Because \( k \) does not depend on \( h \), it can be moved outside the limit.

$$ k \cdot \lim_{h \rightarrow 0} \frac{  f(x+h) - f(x)  }{h} $$

The remaining limit is exactly the definition of the derivative of \( f(x) \).

$$ k \cdot f'(x) $$

We have therefore shown that differentiating a function multiplied by a constant is equivalent to multiplying the derivative of the function by that same constant.

This establishes the constant multiple rule.

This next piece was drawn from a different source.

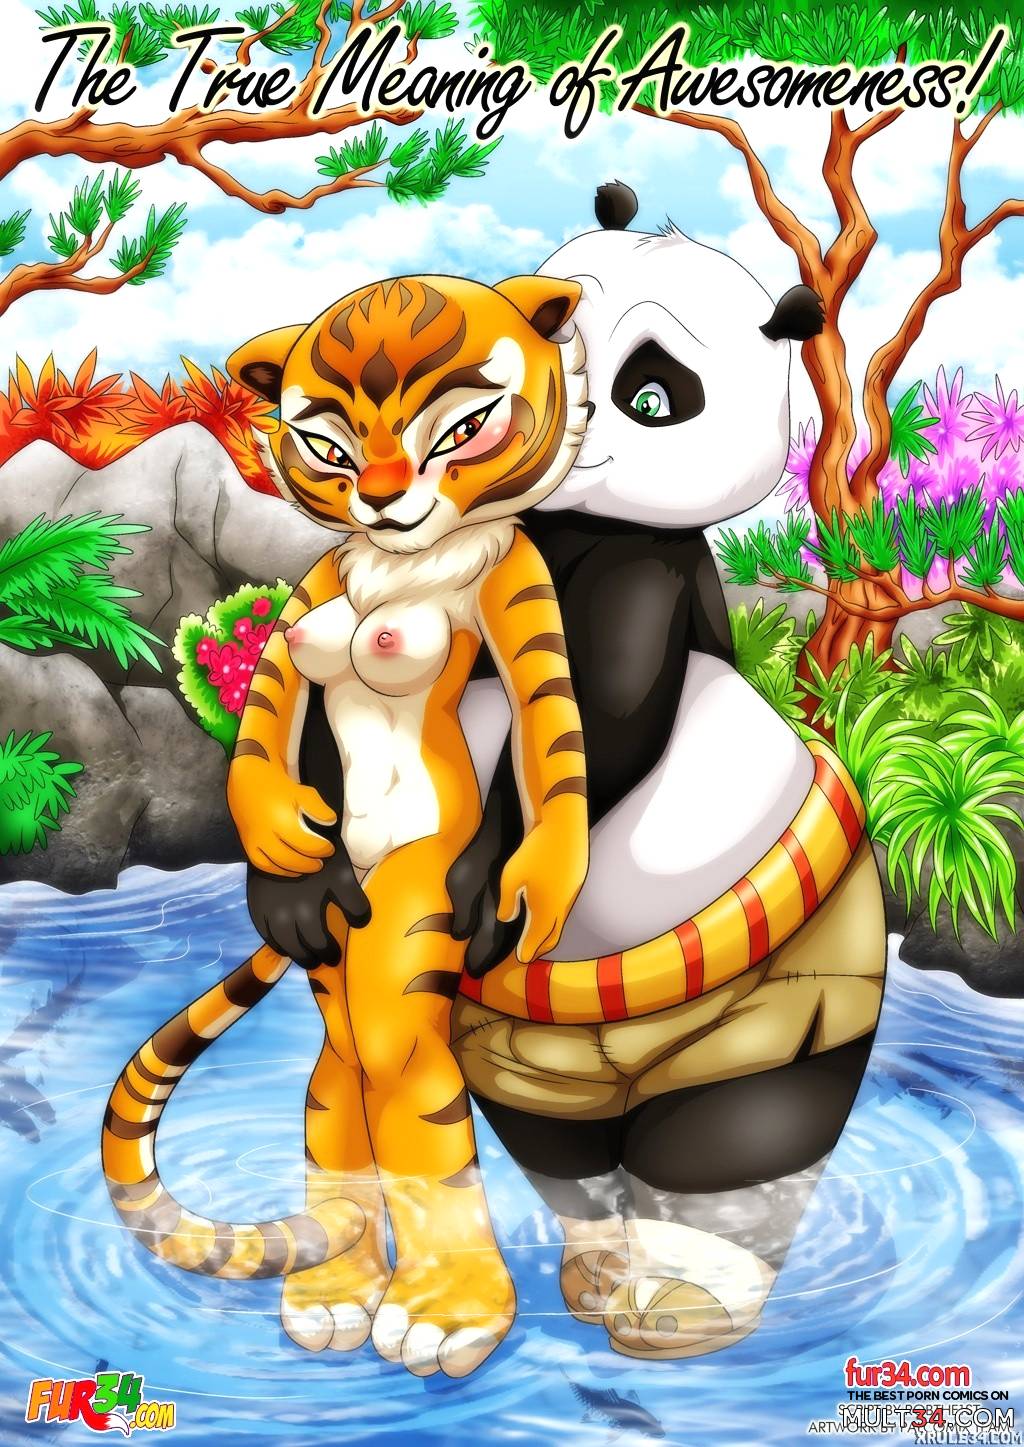 Tigresa de kung fu panda porn comics

Derivative of the Quotient of Functions

The derivative of the quotient of two functions, \( (f/g)' \), is given by the difference of the cross-products divided by the square of the denominator:

$$ \left( \frac{f}{g} \right)' = \frac{f' \cdot g - f \cdot g'}{g^2} $$

Proof

We start by rewriting the quotient as the product of \( f(x) \) and the reciprocal of \( g(x) \):

$$ \frac{f}{g} = f \cdot \frac{1}{g} $$

We then differentiate each factor individually.

Derivative of \( f \)

By definition:

$$ \lim_{h \to 0} \frac{f(x+h) - f(x)}{h} = f'(x) $$

Derivative of \( 1/g \)

We compute the difference quotient for \( 1/g \):

$$ \lim_{h \to 0} \frac{ \frac{1}{g(x+h)} - \frac{1}{g(x)} }{h} $$

Combining the terms in the numerator yields:

$$ \lim_{h \to 0} \left( \frac{g(x) - g(x+h)}{g(x+h) \cdot g(x)} \right) \cdot \frac{1}{h} $$

which can be rewritten as:

$$ \lim_{h \to 0} -\left( \frac{g(x+h) - g(x)}{h} \right) \cdot \frac{1}{g(x+h) \cdot g(x)} $$

Taking the limit separately, we have:

$$ -g'(x) \cdot \lim_{h \to 0} \frac{1}{g(x+h) \cdot g(x)} $$

Since \( g(x+h) \to g(x) \) as \( h \to 0 \), it follows that:

$$ -g'(x) \cdot \frac{1}{g(x)^2} $$

thus:

$$ \frac{-g'(x)}{g(x)^2} $$

Derivative of the quotient \( f/g \)

Applying the product rule to \( f(x) \cdot \frac{1}{g(x)} \) gives:

$$ \left( f \cdot \frac{1}{g} \right)' = f' \cdot \frac{1}{g} + f \cdot \left( \frac{1}{g} \right)' $$

Substituting the expressions computed above:

$$ = f' \cdot \frac{1}{g} + f \cdot \left( \frac{-g'}{g^2} \right) $$

which simplifies to:

$$ = \frac{f'}{g} - \frac{f \cdot g'}{g^2} $$

Combining the two terms over a common denominator:

$$ = \frac{f' \cdot g - f \cdot g'}{g^2} $$

This completes the proof of the quotient rule.